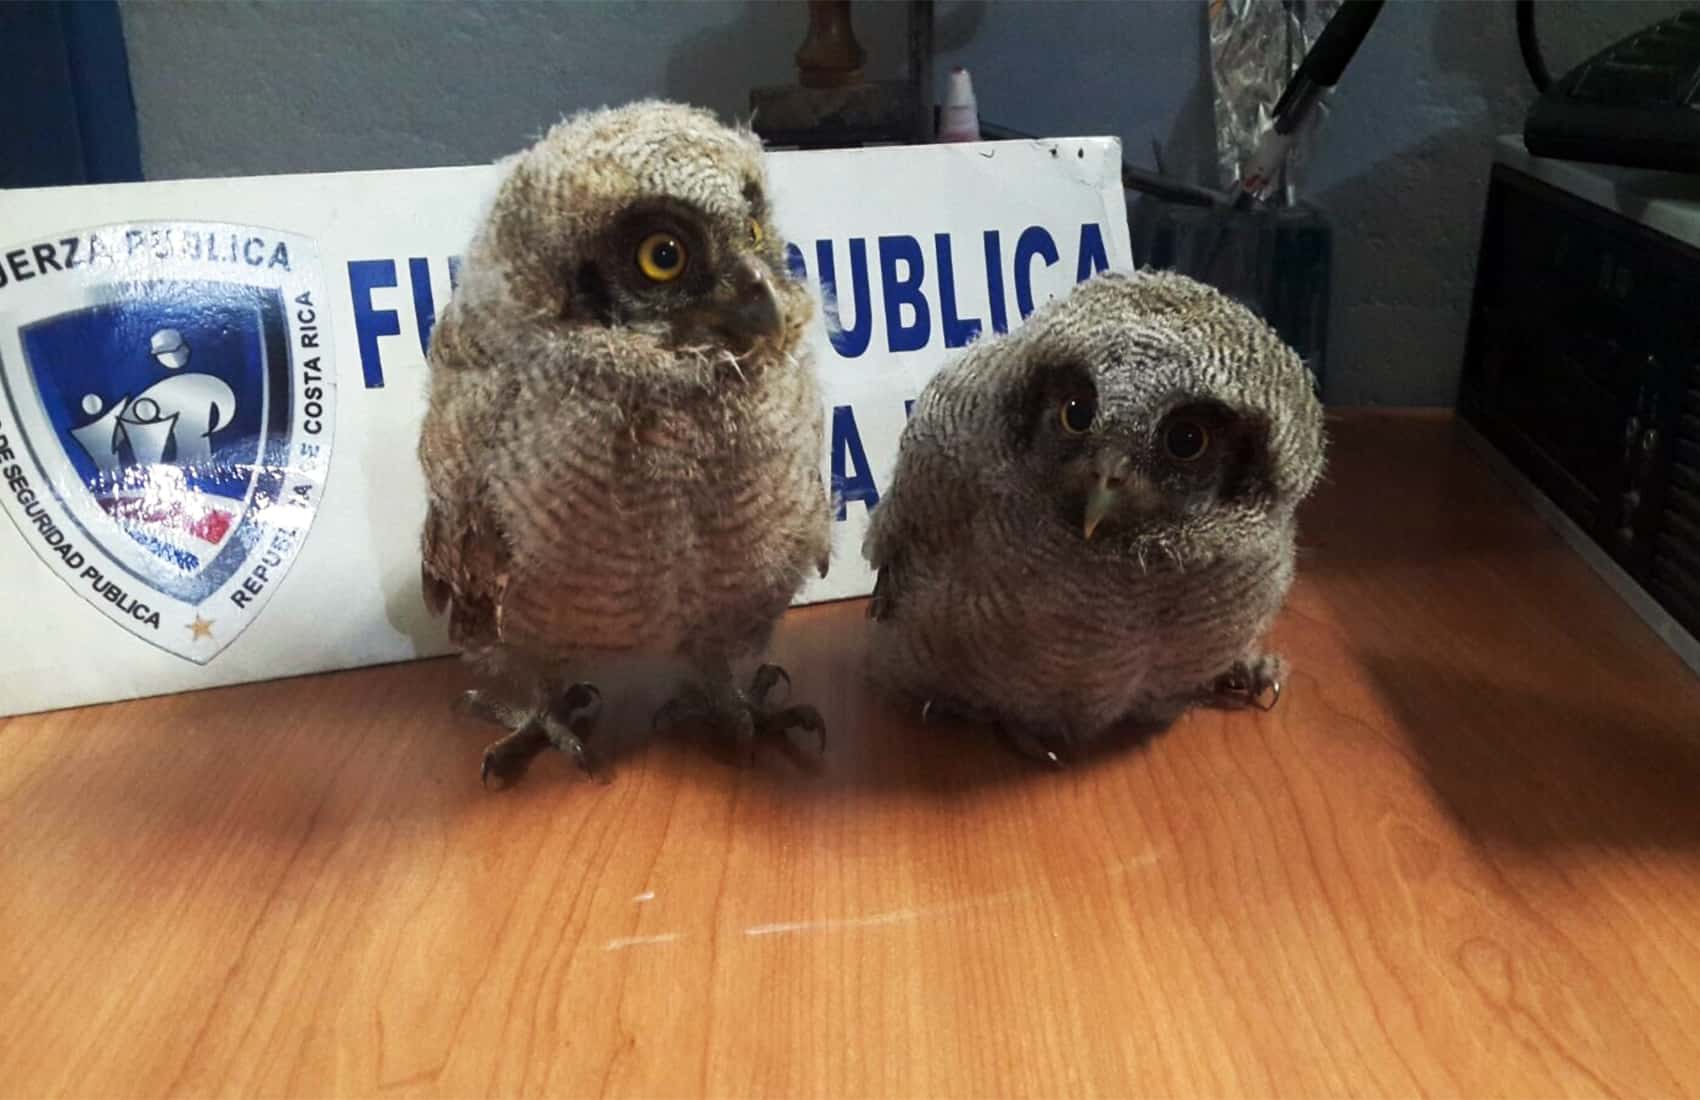 owls; Costa Rica wildlife trafficking
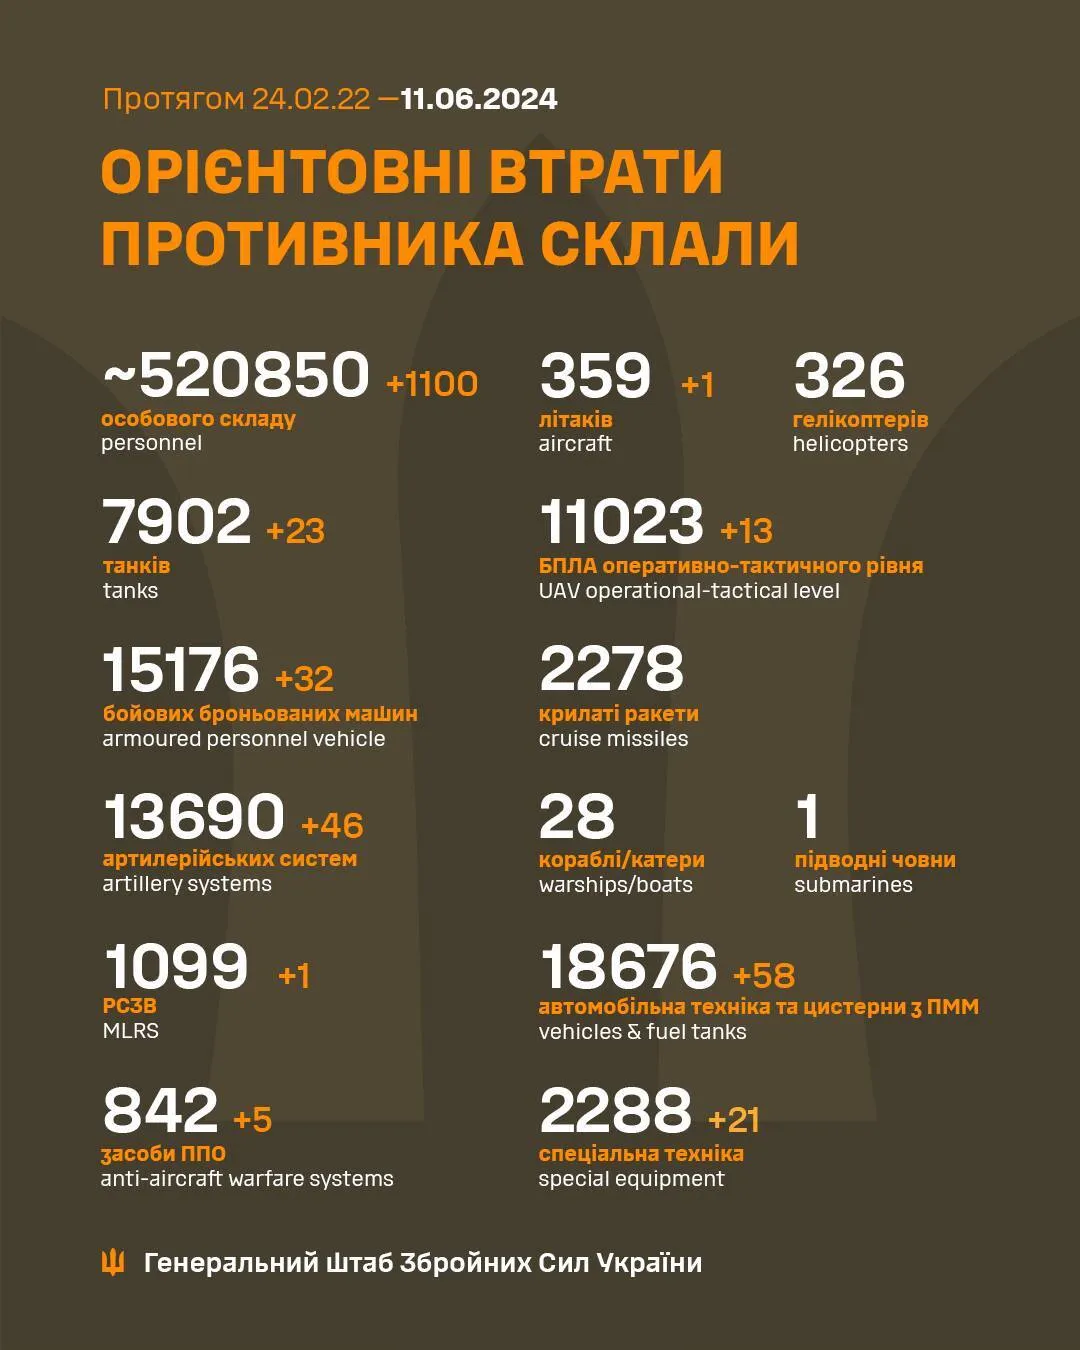 Минус самолет, 32 ББМ и 1100 оккупантов: Генштаб озвучил потери РФ за сутки
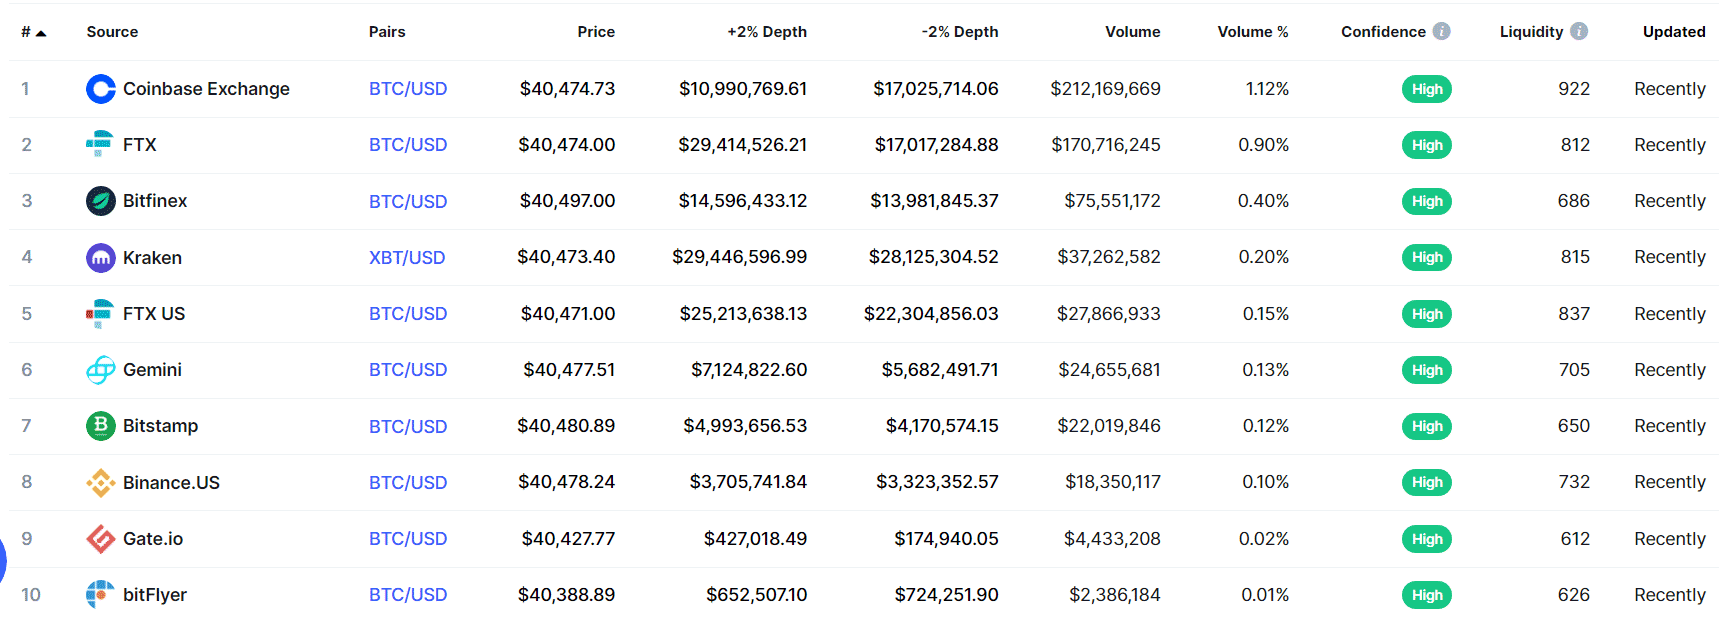 Bitcoin pricing
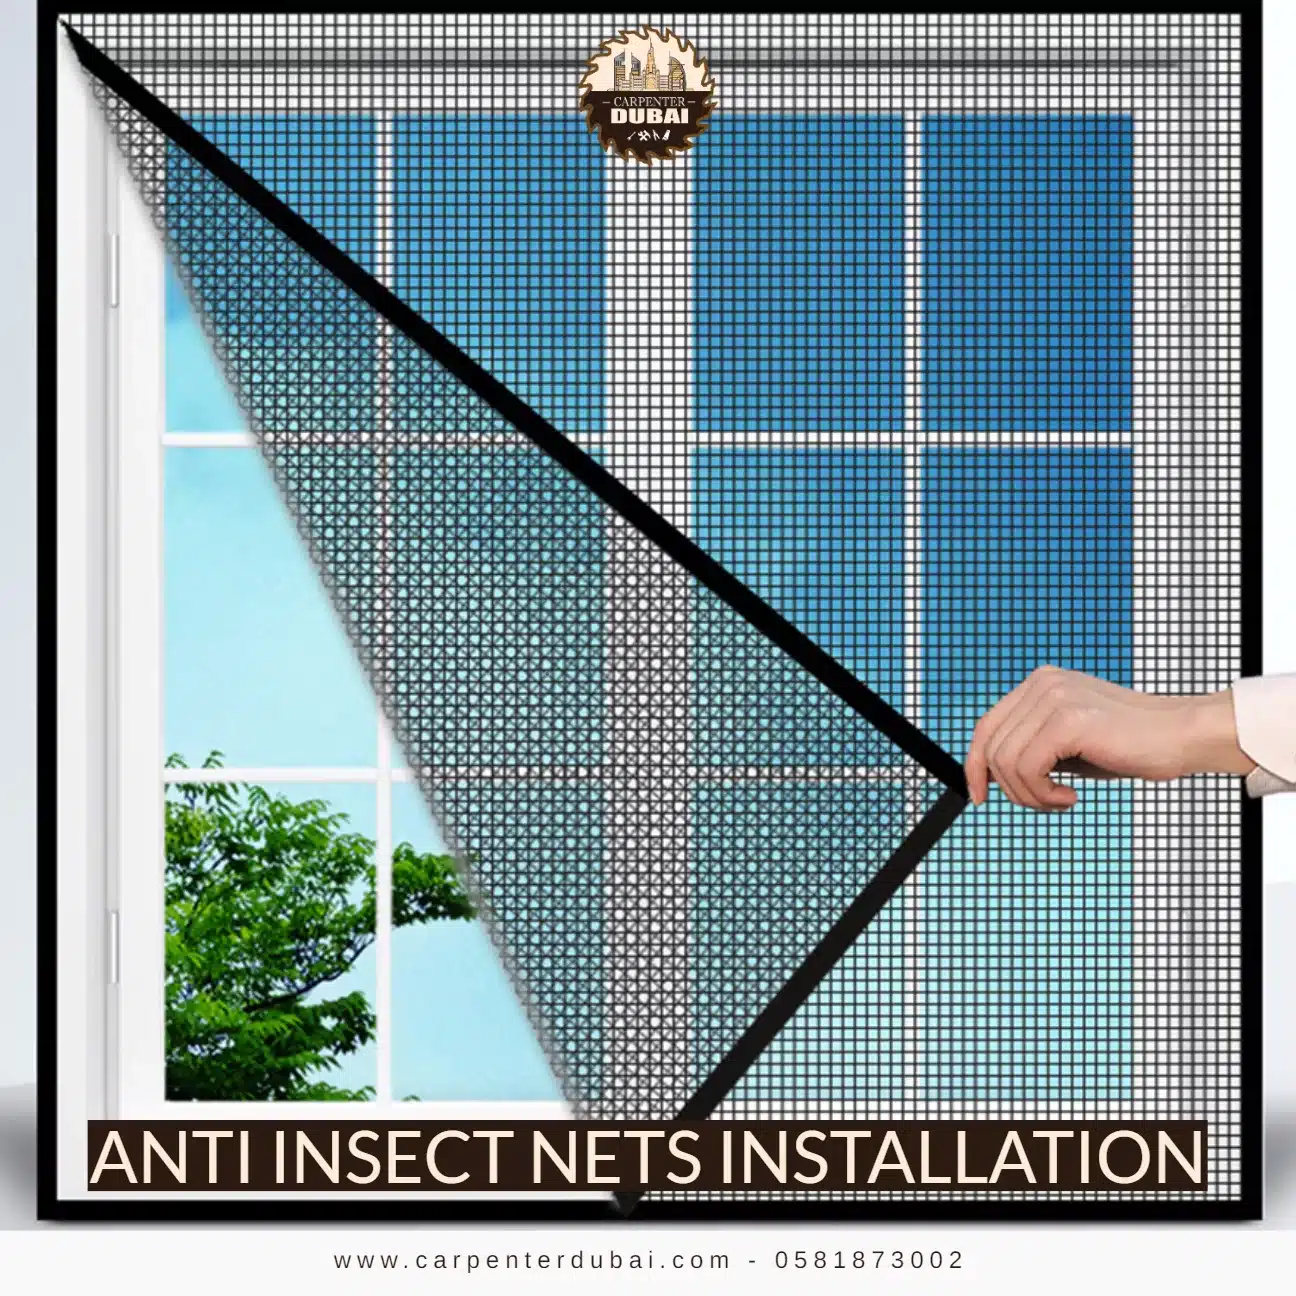 https://carpenterdubai.com/wp-content/uploads/2018/11/Anti-Insect-Nets-Installation-2-jpeg.webp

### YOUR GOAL:
Return the whole of the material above exactly, with no picture carried over.

### OUTPUT BELOW:
 owls; Costa Rica wildlife trafficking
 Минус самолет, 32 ББМ и 1100 оккупантов: Генштаб озвучил потери РФ за сутки
 Bitcoin pricing
 https://carpenterdubai.com/wp-content/uploads/2018/11/Anti-Insect-Nets-Installation-2-jpeg.webp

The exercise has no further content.